Just pushing your buttons cause, well, that's what I do.

I like to travel in style, eat food, and use the river as the way to play with all my toys. With a 12.5' cat i definately couldn't carry the spit and concrete blocks if i was also responsible for the pig!


----------



## Avatard (Apr 29, 2011)

And my wife and her girlfriends don't row (not related to the pig on the spit comment)


----------



## RiverCowboy (Mar 14, 2011)

Laura, 

You are scaring the shit out of me. I'm not moving INTO Missoula though, I'll be up on 200 between Potomac and Ovando. I do hope your opinion of the folks in that area are better, cuz you are spot on in your inference that I don't fit in well with vegans. 

Else, 

Thanks for the info right off the bat. I could certainly have two boats within a year, and understand the reason for it. As I said, I've run Westy at all flows with a gal and a dog and an overnight load in my little sad foreign raft. The whole impedes behind this boat search is that I am going to an area that I hear has bigger water within closer distance, and to a job that will finally allow me to afford the kind of (USA made) boat I want. 

I have always been under the impression that a 14-15 ft. cat would be necessary to carry the same load as my 13 ft. raft, but that the cat unloaded might be a much better big/high water rig solo. 

If you guys really want to help, and I know a lot of you do because I have been reading the buzz for years, just tell me if I am not being clear enough. I am a newbie in my own opinion, because I have only been rafting for 5 years, only have about 500 hours, and in my mind's eye, it's a life sport. In counterpoint, I am a MRA rope rescue technician and a DRI SW1 Specialist. I know water pretty well, and tech rescue very well, so I am cautiously confident. I DON'T KNOW boats, because I've only ever been in 3 different ones. There are a lot of great boats out there, at legitimately large sums of money in my finance range, and I'm just looking for help choosing one that I won't want to sell within a year of boating in MT/ID.

Thanks as always, 

Paul


----------



## lhowemt (Apr 5, 2007)

Well the greater missoula area is extremely diverse.

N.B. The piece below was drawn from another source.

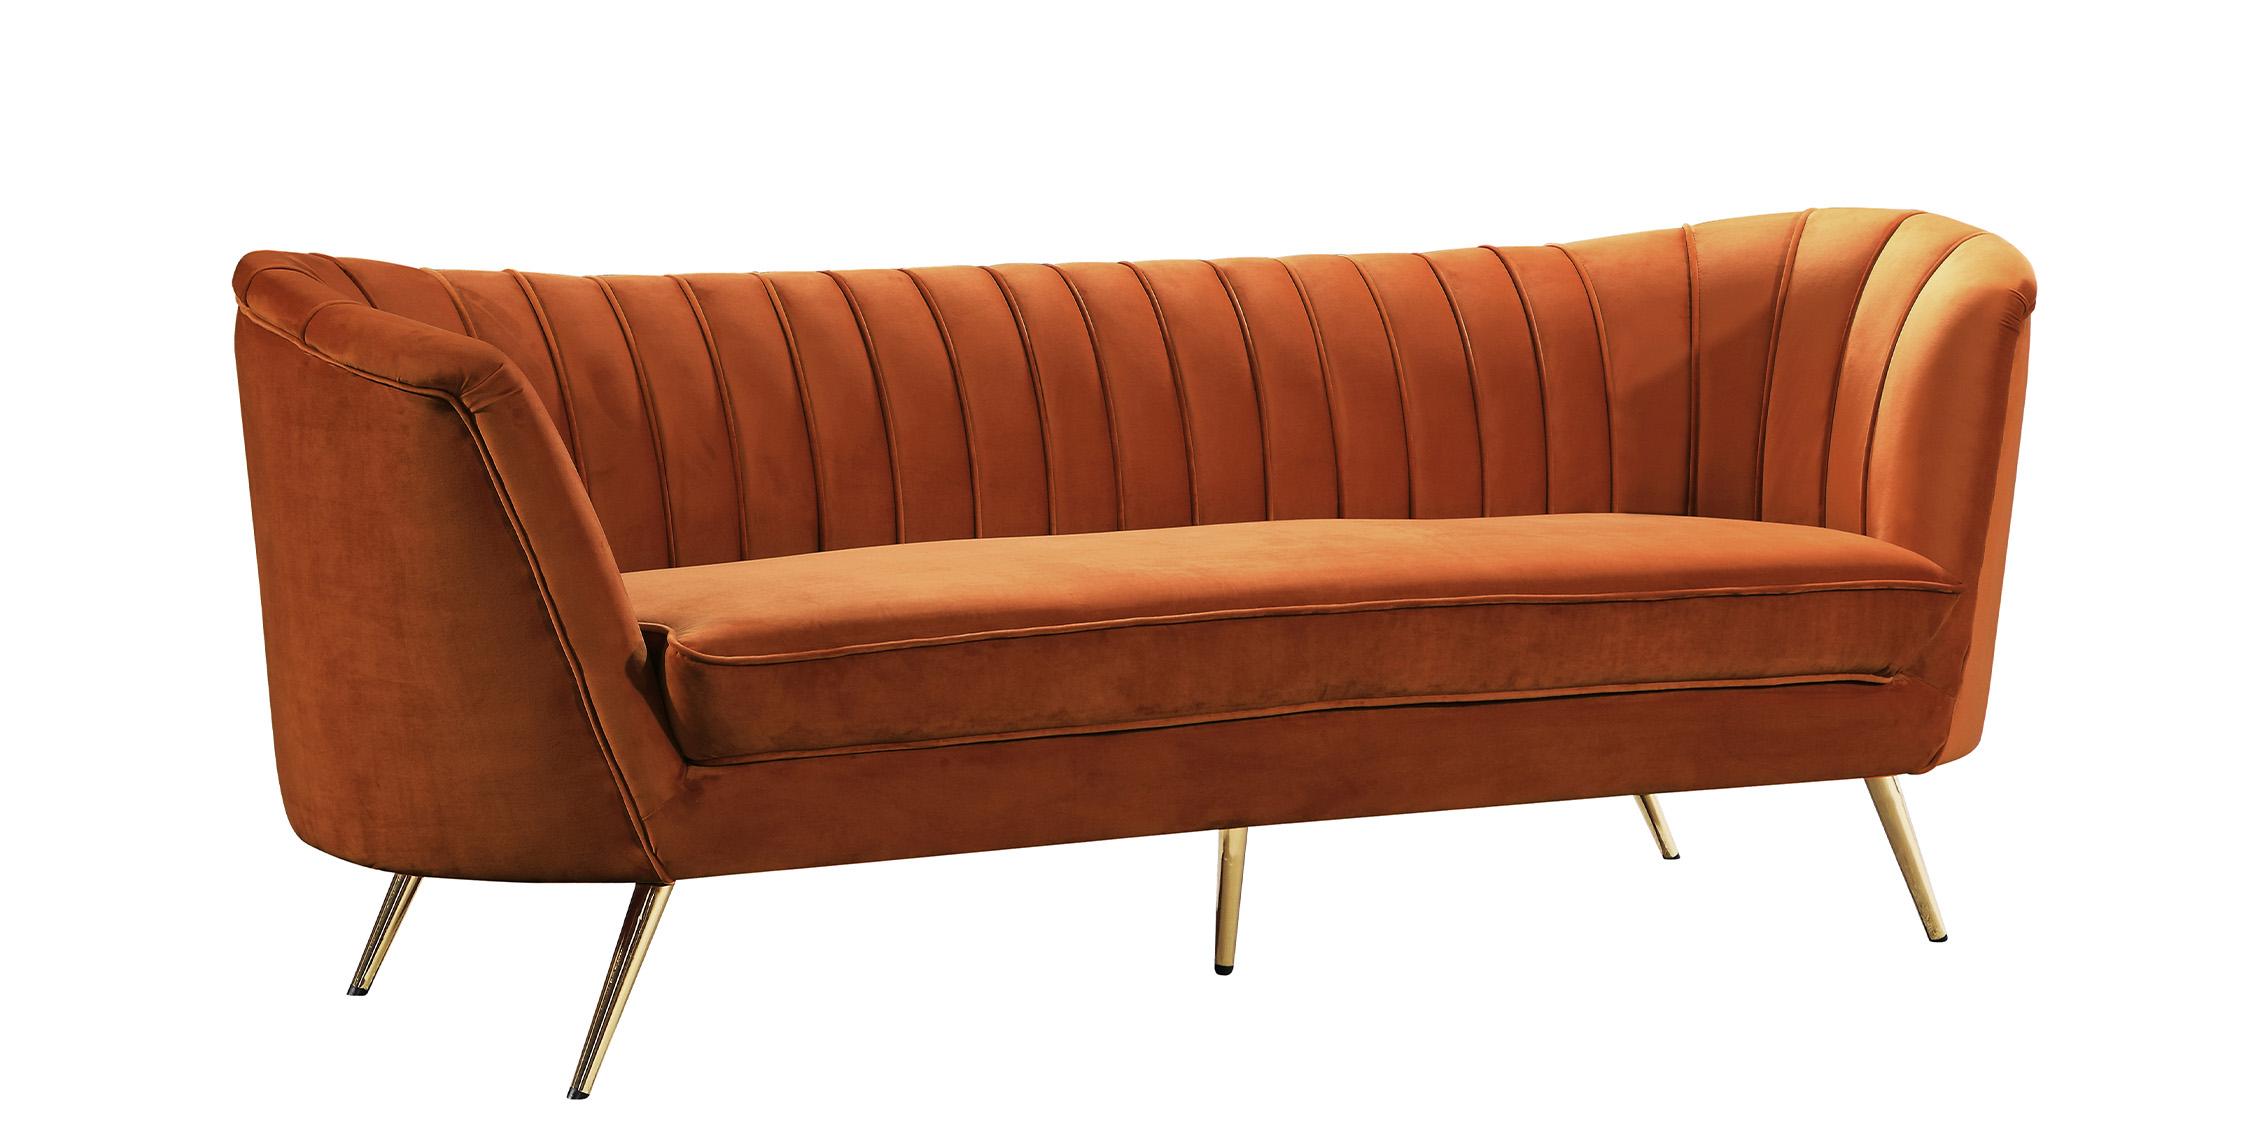 

    
Cognac Velvet Sofa Set 3Pcs Margo 622Cognac-S Meridian Modern Contemporary

You'll be surprised who you make friends with if you remain open minded even in the face of a different physical appearance or mindset which you typically associate. Hippies and ******** mingle quite well here. But the core vocal part of Missoula has a lot of technocrat liberals that want to push their ideals on others and turn it into seattle or portland. . Yuk. And I'm a quasi liberal. So you're going to have the blackfoot as your home, nice. It has a short season and you'll have extend that the smaller you go. A ducky is great to really extend the season. The tube hatch gets out of control, the water levels get that low. The only "big" water is heading over into Idaho. I'd say get something for lower water, small cat or ducky and then a bugger boat (jag or smaller) for multidays that you might appreciate the size of in the Lochsa. You are correct, cats carry less weight for a given size so you'll want about a 15' cat to match the gear loading of a 13' raft. One boat is just never enough and expect to be alway looking towards the next one.


----------



## okieboater (Oct 19, 2004)

*One boat is just never enough and expect to be alway looking towards the next one. _*

The best advice on this thread!!

For what it is worth I think a person needs 3 rafts, one of them being a super puma which does a ton of things well. Paddle it, row it, row with two paddles - it is (my opinion here) a raft that will get used all the time. Probably a bunch more than it's big brothers and sisters. 

I am a big fan of Aire 18 ft Cats and Aire 143 rafts had both of them, but felt a Super Puma would have been really nice to open up more opportunities for paddle rafting and hitting the low water runs in a raft we have most of the time in Arkansas or even CO.


----------



## mtnkasper (Apr 28, 2010)

I'd get a 14' raft. You will be fine on the Blackfoot, flathead, bitterroot, Clark fork etc most of the season and you could take it down the clearwater, rock creek, west fork bitterroot early season. It will rock multi-days in idaho w your new friends and be great for fishing and partying. The access on most of the rivers you'll be living near is raft friendly. Once you're all dialed and ready to explore regionally you can specialize w the cat/ raft combo- and sell off your 14 no problem then. I just think a cat would be a boring craft to explore the local rivers on. There isn't any technical water really and on a cat the lounging is subpar imo. I had a 13 Maravia round boat w 18" tubes first, then a nrs 140 e and now a 15' wave destroyer cat and an Aire 156 d round boat. I'm sure my evolution is incorrect in some way but I feel pretty good about advising a similar path.


----------



## MT4Runner (Apr 6, 2012)

lhowemt said:


> Well the greater missoula area is extremely diverse. You'll be surprised who you make friends with if you remain open minded even in the face of a different physical appearance or mindset which you typically associate. Hippies and ******** mingle quite well here.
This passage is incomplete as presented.